La proposition de loi inverse complètement cette logique. Désormais, lorsqu'un policier fera usage de son arme, son tir sera présumé conforme à la loi. Ce ne sera plus à l'État de démontrer que le recours à la force était justifié, mais aux victimes et à leurs proches endeuillés de prouver l'inverse.

Cette inversion de la charge de la preuve constitue un précédent considérable. Comme le dénoncent la Ligue des Droits de l'Homme, Amnesty International, le Syndicat de la magistrature et plusieurs organisations de défense des droits humains dans un communiqué unitaire : « Il est certain que cette absence d'investigations sur le recours aux armes à feu aura une influence directe sur le nombre de tirs mortels ». En présumant d'emblée la légalité du tir, le gouvernement organise les conditions d'une impunité encore plus grande.

Une proposition de loi dans la continuité de la loi Cazeneuve

Cette offensive ne tombe pas du ciel. En 2017, sous la présidence de François Hollande, la loi portée par Bernard Cazeneuve élargissait déjà les possibilités pour les policiers d'utiliser leurs armes, notamment lors des refus d'obtempérer. À l'époque déjà, de nombreuses associations, magistrats et avocats dénonçaient un véritable « permis de tuer » et alertaient sur les conséquences dramatiques qu'aurait une telle réforme.
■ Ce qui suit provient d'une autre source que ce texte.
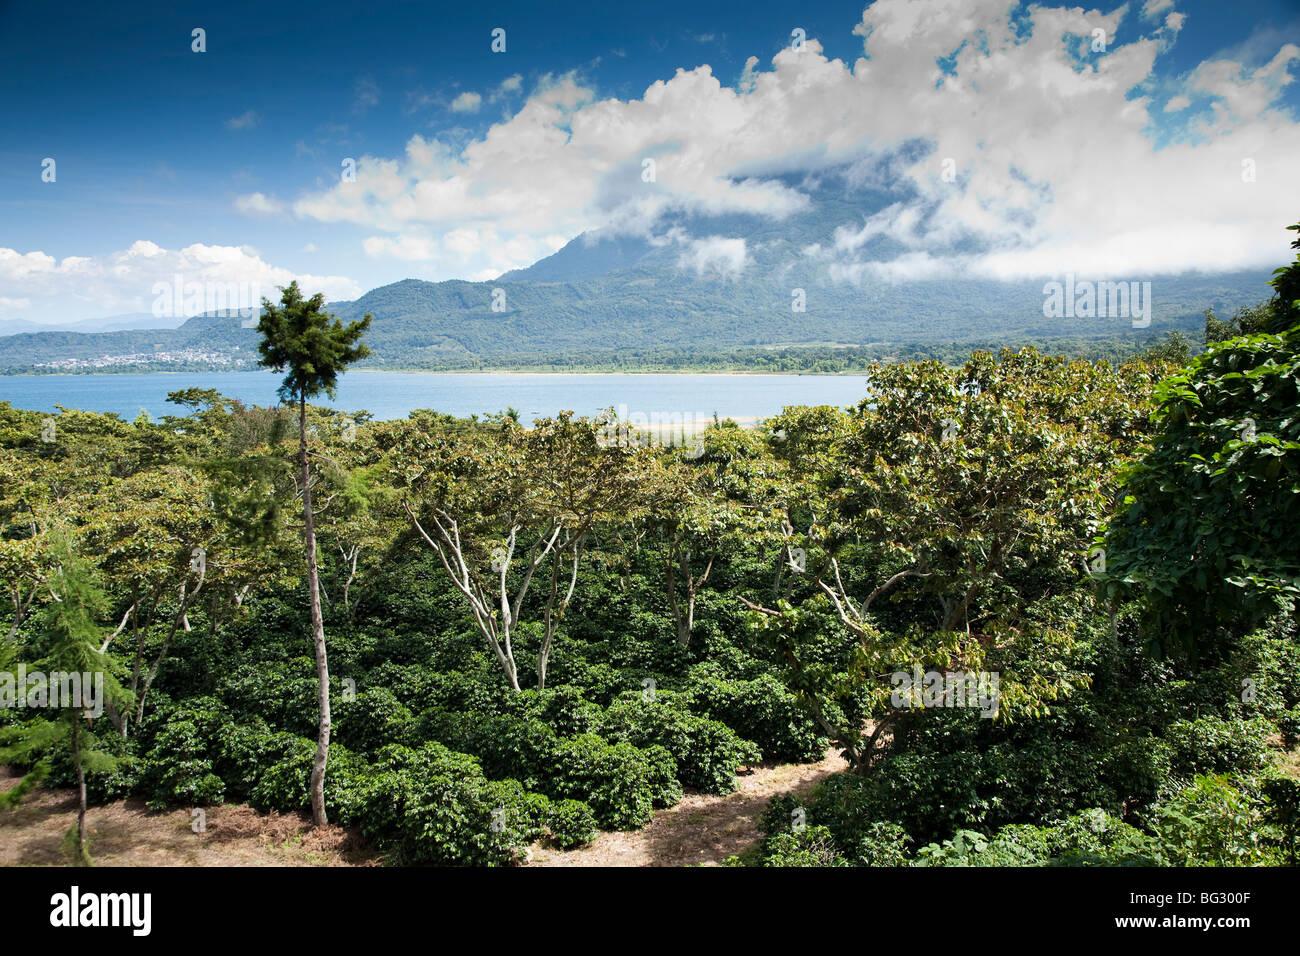 Coffee Finca near San Lucas Toliman Lake Atitlan Guatemala. - Stock Image

En effet, depuis l'entrée en vigueur de cette loi, les tirs mortels contre des occupants de véhicules ont été multipliés par cinq. Selon les chiffres repris par la LDH et Amnesty International, au moins trente-cinq personnes ont été tuées dans ce type d'intervention depuis 2017. Plus largement, quarante-neuf personnes sont mortes lors d'interventions policières en 2025, tandis que les premiers mois de 2026 comptent déjà plusieurs dizaines de morts. Le gouvernement choisit aujourd'hui d'aller encore plus loin. Ce choix traduit une orientation politique assumée, qui vise à élargir toujours davantage les conditions dans lesquelles elles pourront être exercées sans avoir à rendre de comptes.

Un arsenal répressif au service d'un pouvoir autoritaire

Cette proposition de loi s'inscrit dans une offensive autoritaire beaucoup plus large.
Depuis des années, les gouvernements successifs renforcent sans cesse l'arsenal répressif : état d'urgence intégré au droit commun, lois « sécurité globale », criminalisation des mouvements sociaux, dissolutions d'organisations, restriction du droit de manifester, extension des pouvoirs policiers… La loi Cazeneuve avait déjà marqué un tournant majeur. La macronie entend aujourd'hui franchir une nouvelle étape en offrant une protection juridique renforcée aux policiers ayant fait usage de leur arme.

Cette politique frappe d'abord les quartiers populaires, où les contrôles policiers sont omniprésents et où les violences policières touchent de manière disproportionnée les jeunes racisés. Amnesty rappelle ainsi qu'un « jeune homme perçu comme noir ou arabe a vingt fois plus de risques d'être contrôlé par la police que le reste de la population ». Comme le souligne Elsa Marcel, avocate, élue au Conseil Municipal de Saint-Denis et militante à Révolution Permanente : « C'est une loi qui va, on le sait déjà, entériner de nouveaux morts parmi les jeunes des quartiers populaires ». Mais au-delà des quartiers populaires, c'est l'ensemble du mouvement social qui est visé. Dans un contexte d'accélération des crises, le gouvernement prépare les moyens de réprimer toujours plus durement celles et ceux qui contestent l'ordre social.

Face à cette attaque d'ampleur, et à toutes les réformes autoritaires, refuser cette loi est un impératif. La bataille contre cette proposition de loi doit s'inscrire dans un combat plus large contre les violences policières, contre le racisme institutionnel et contre l'ensemble des politiques sécuritaires qui se succèdent depuis des années. La mobilisation contre ce nouveau permis de tuer est une nécessité pour toutes celles et ceux qui refusent la banalisation de la violence policière et la dérive autoritaire du pouvoir.